Perl has three types of quotes and all three types have a different function. They are single quotes, double quotes, and backquotes.

The backslash (\) behaves like a set of single quotes but can be used only to quote a single character.

A pair of single or double quotes may delimit a string of characters. Quotes will either allow the interpretation of special characters or protect special characters from interpretation, depending on the kind of quotes you use.

Single quotes are the "democratic" quotes. All characters enclosed within them are treated equally; in other words, there are no special characters. But the double quotes discriminate. They treat some of the characters in the string as special characters. The special characters include the $ sign, the @ symbol, and escape sequences such as \t and \n.
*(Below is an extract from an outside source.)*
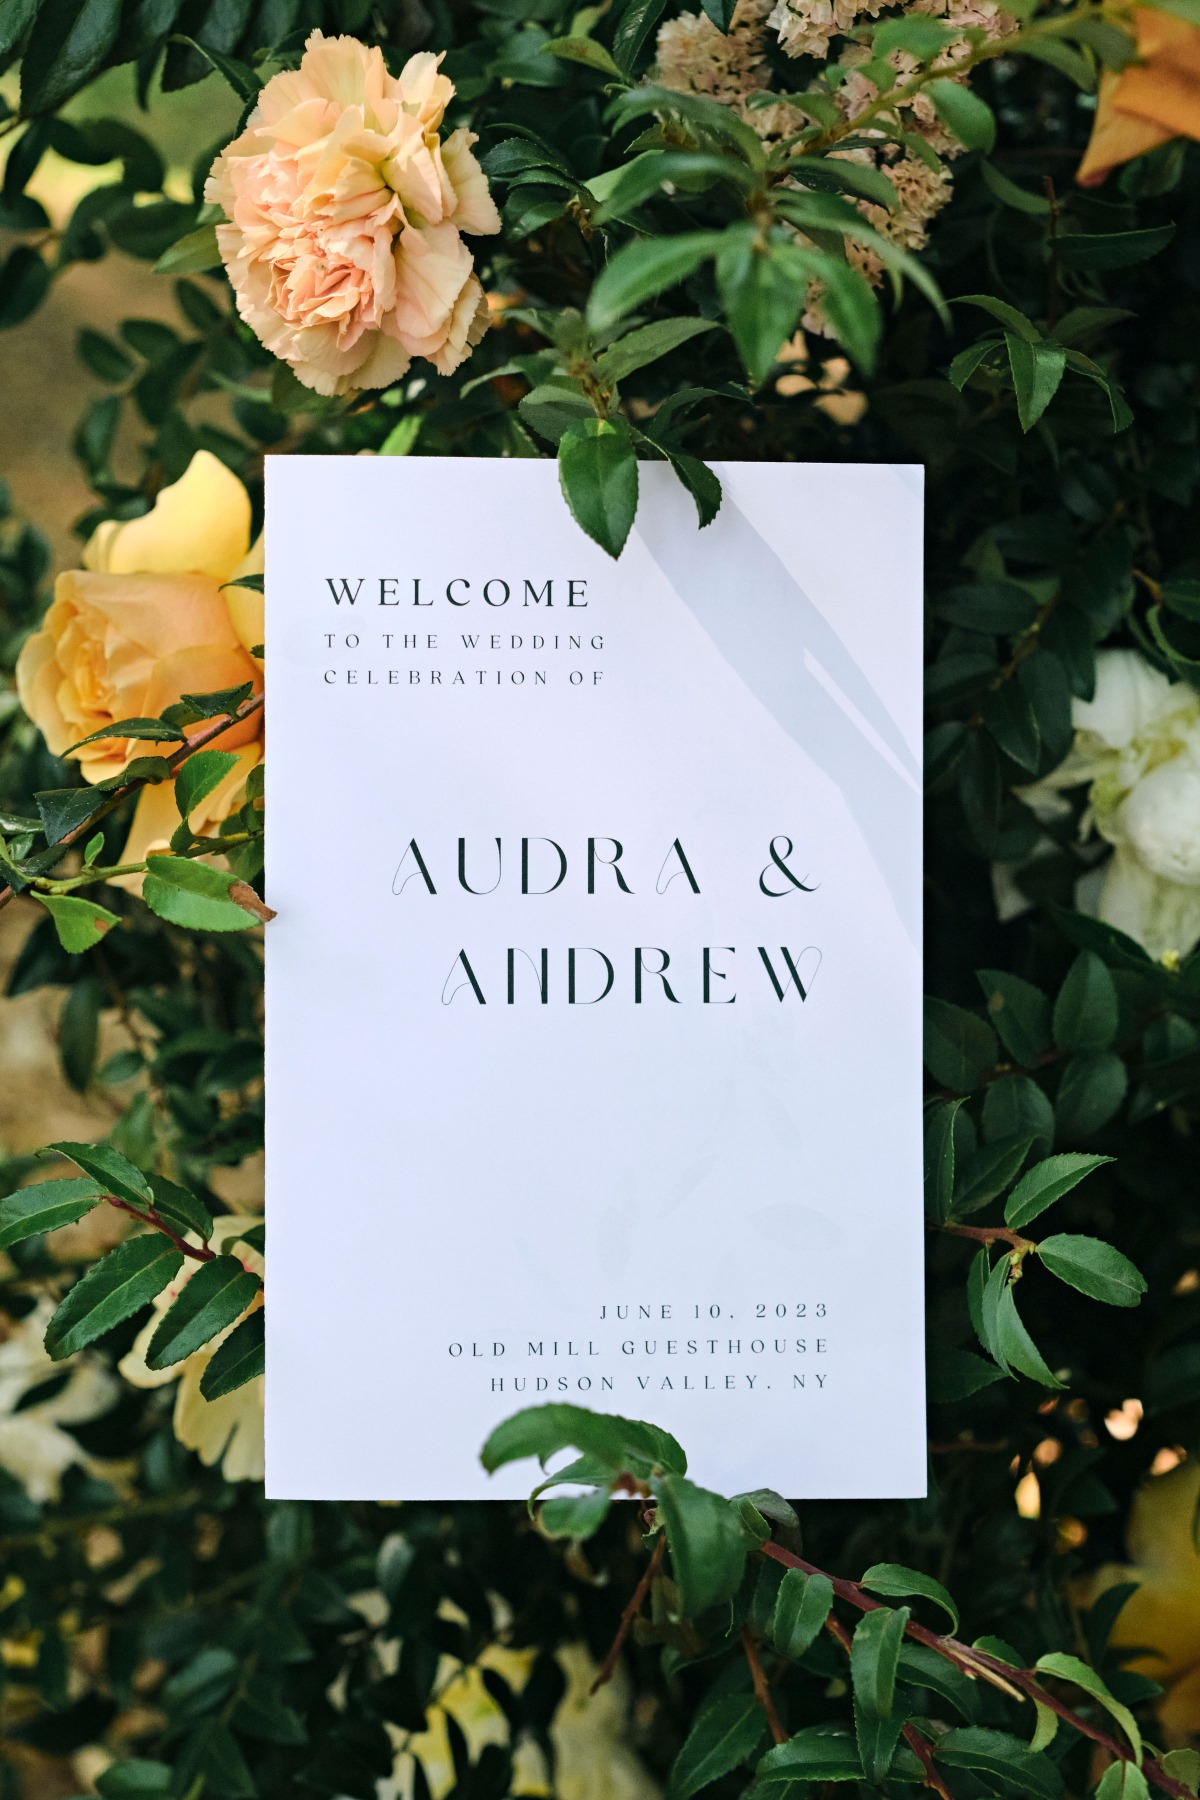 Modern black and white wedding invitations with minimalist design

When backquotes surround an operating system command, the command will be executed by the shell. This is called command substitution. The output of the command will either be printed as part of a print statement or assigned to a variable. If you are using Windows, Linux, or UNIX, the commands enclosed within backquotes must be supported by the particular operating system and will vary from system to system.

No matter what kind of quotes you are using, they must be matched. Because the quotes mark the beginning and end of a string, Perl will complain about a "Might be a multiline runaway string" or "Execution of quotes aborted . . ." or "Can't find string terminator anywhere before EOF..." and fail to compile if you forget one of the quotes.

Double Quotes

Double quotes must be matched unless embedded within single quotes or preceded by a backslash.

When a string is enclosed in double quotes, scalar variables (preceded with a $) and arrays (preceded by the @ symbol) are interpolated (i.e., the value of the variable replaces the variable name in the string). Hashes (preceded by the % sign) are not interpolated within the string enclosed in double quotes.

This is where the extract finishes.